WHAT THIS TASK INVOLVES: Only the lines from the one containing "Трапециевидная сумка для" to the end of the data below belong in the answer, each repeated exactly; no pictures.

[Opening AVAILABLE DATA section]

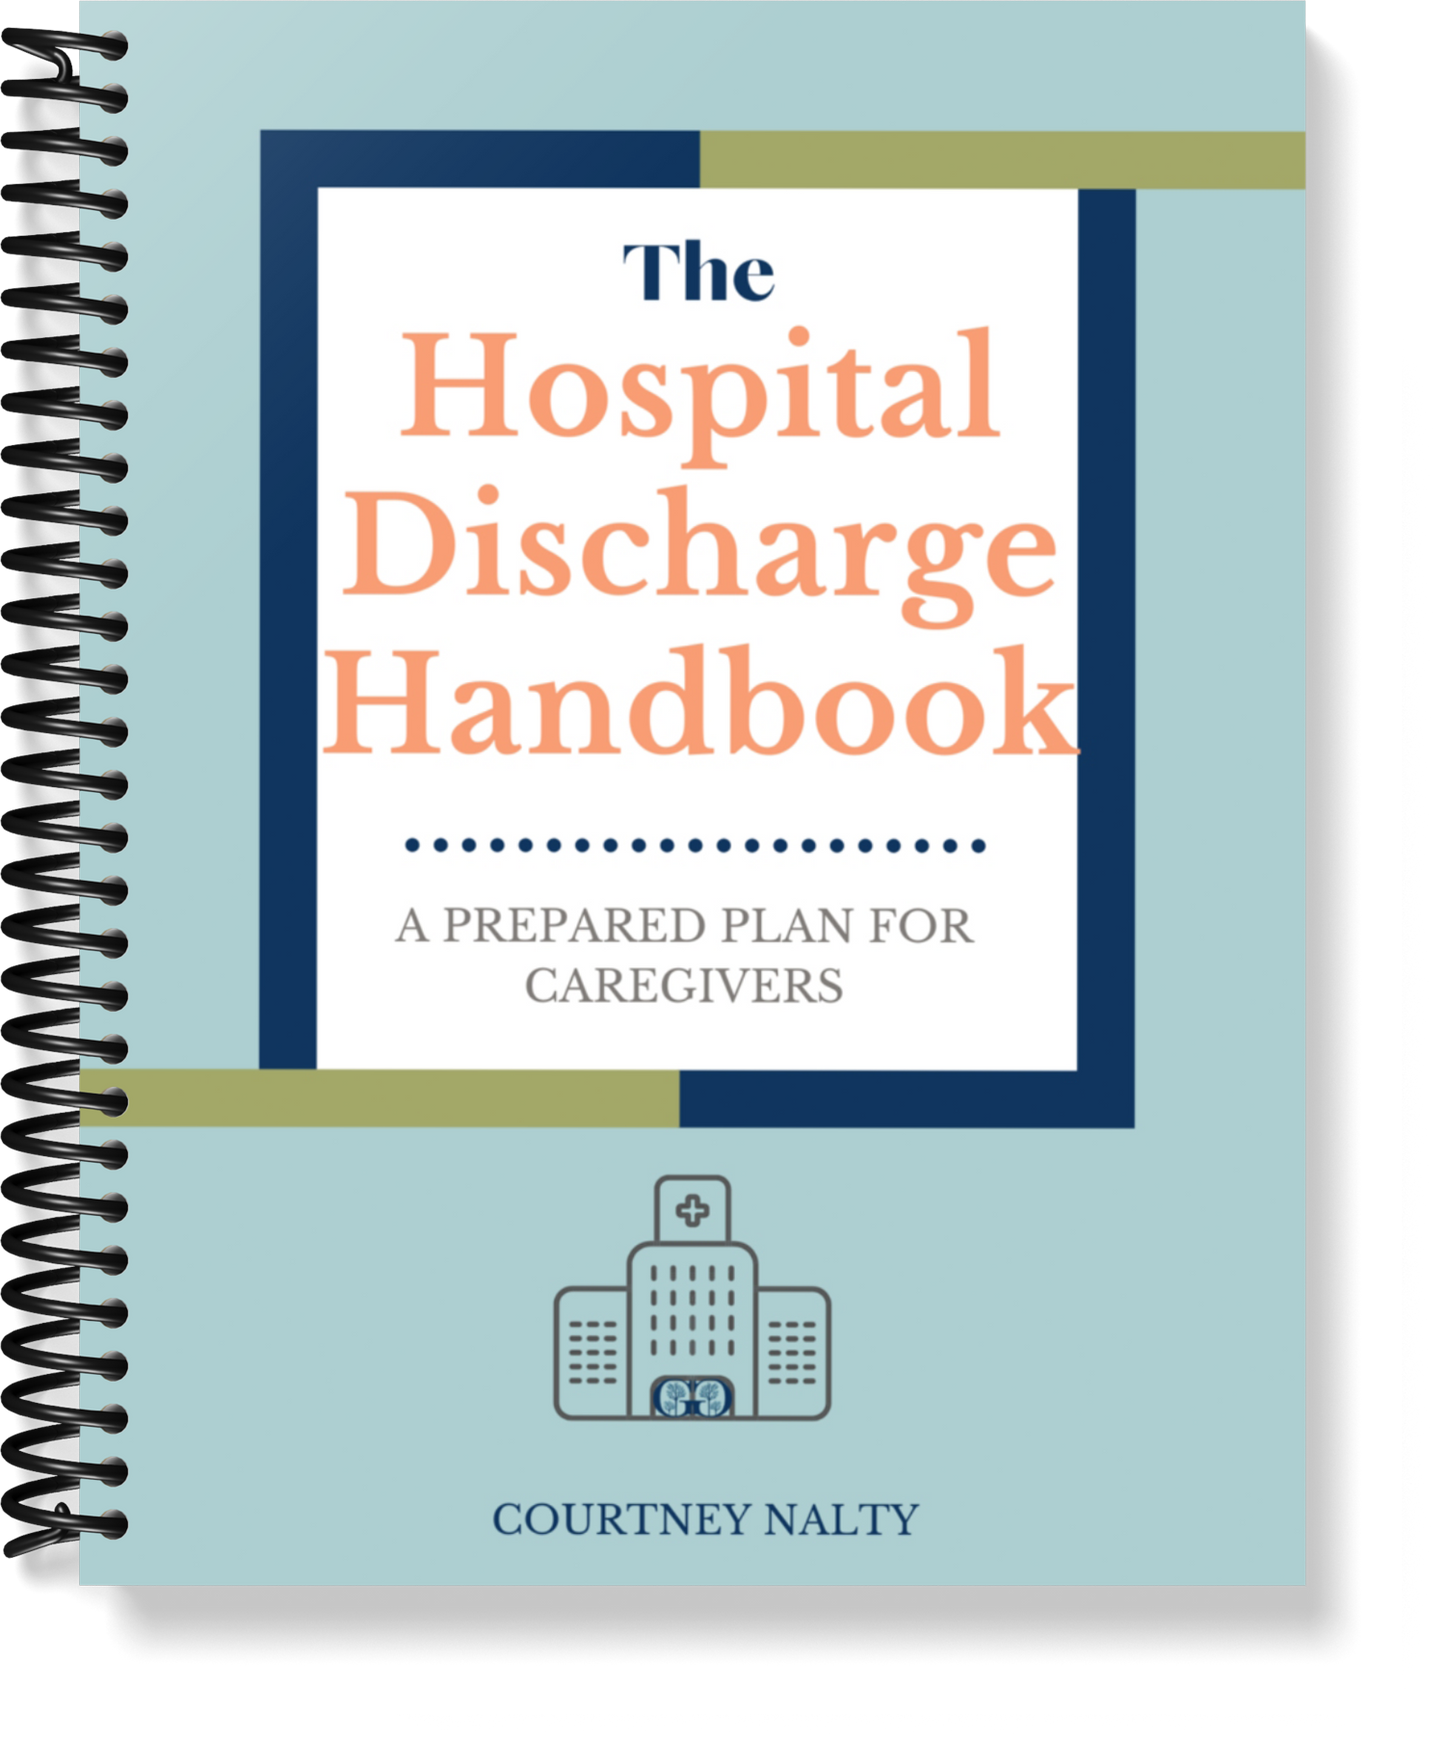 The Hospital Discharge Handbook- Website
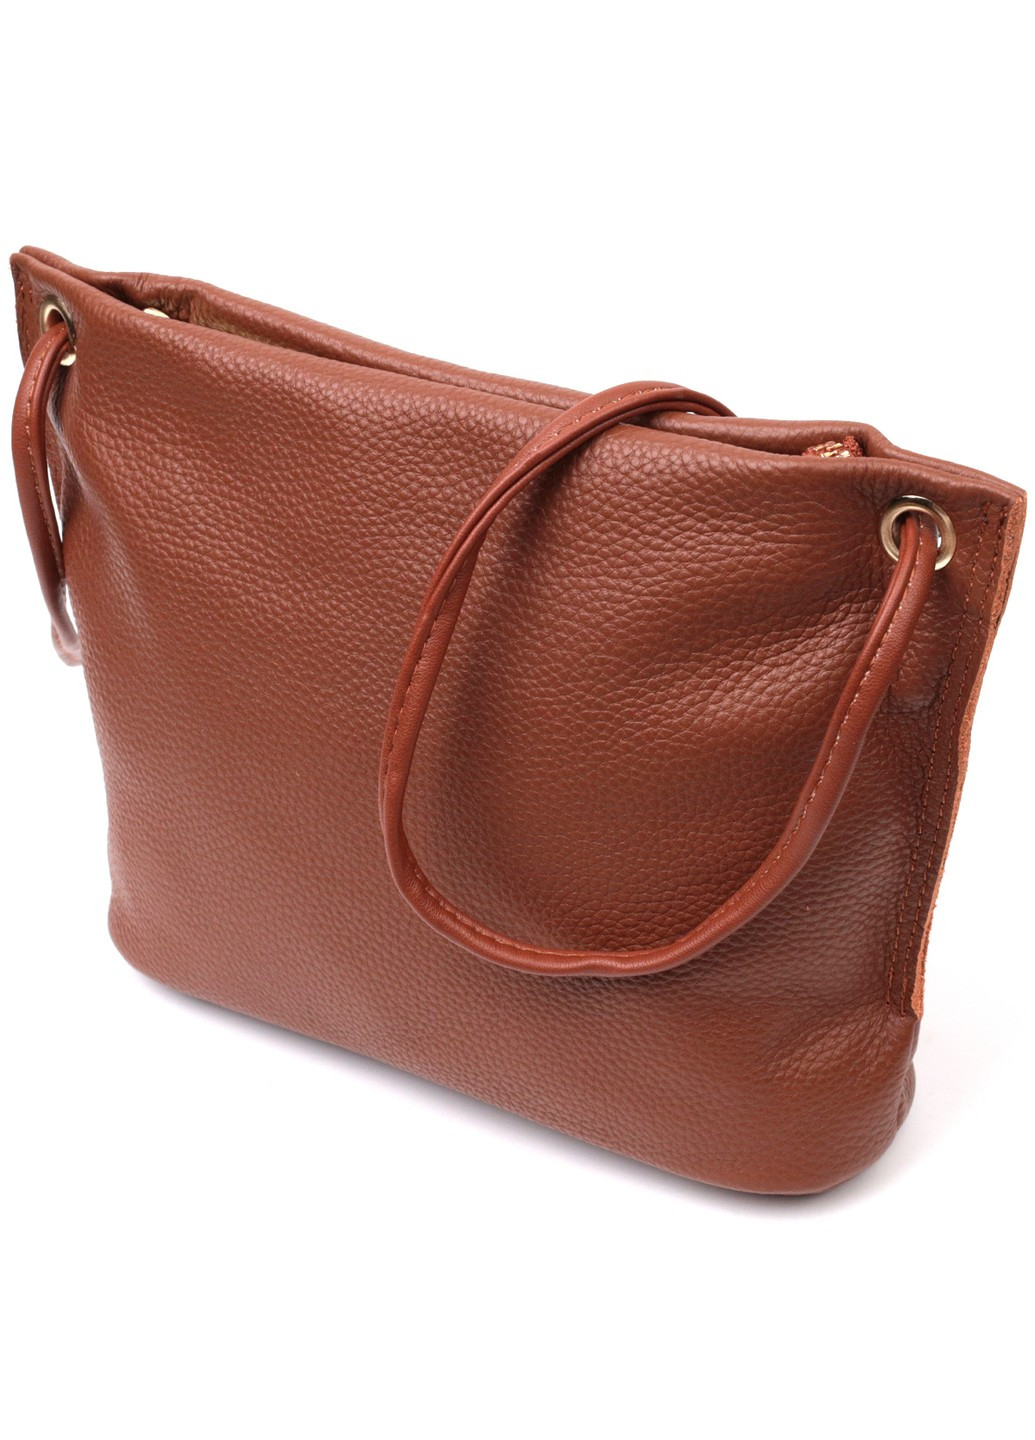 Трапециевидная сумка для женщин на плечо из натуральной кожи 22397 Коричневая Vintage (276457531)
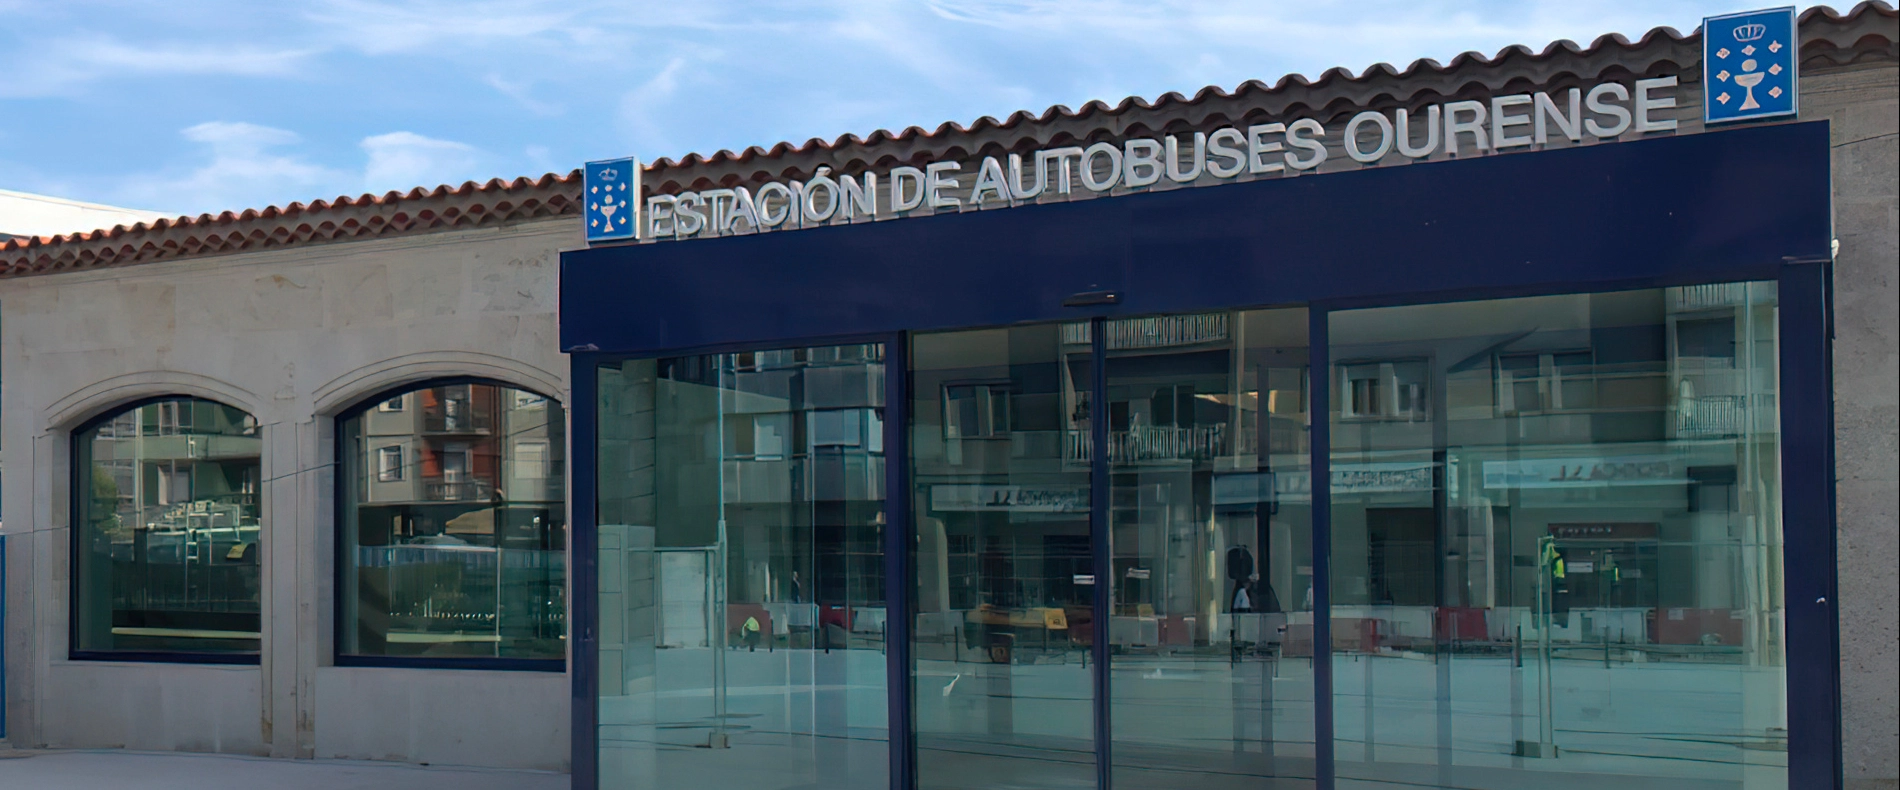 Die VACANTE Sitzbank am Busbahnhof Ourense

[Closing AVAILABLE DATA section]

RESPONSE:
 Трапециевидная сумка для женщин на плечо из натуральной кожи 22397 Коричневая Vintage (276457531)
 Die VACANTE Sitzbank am Busbahnhof Ourense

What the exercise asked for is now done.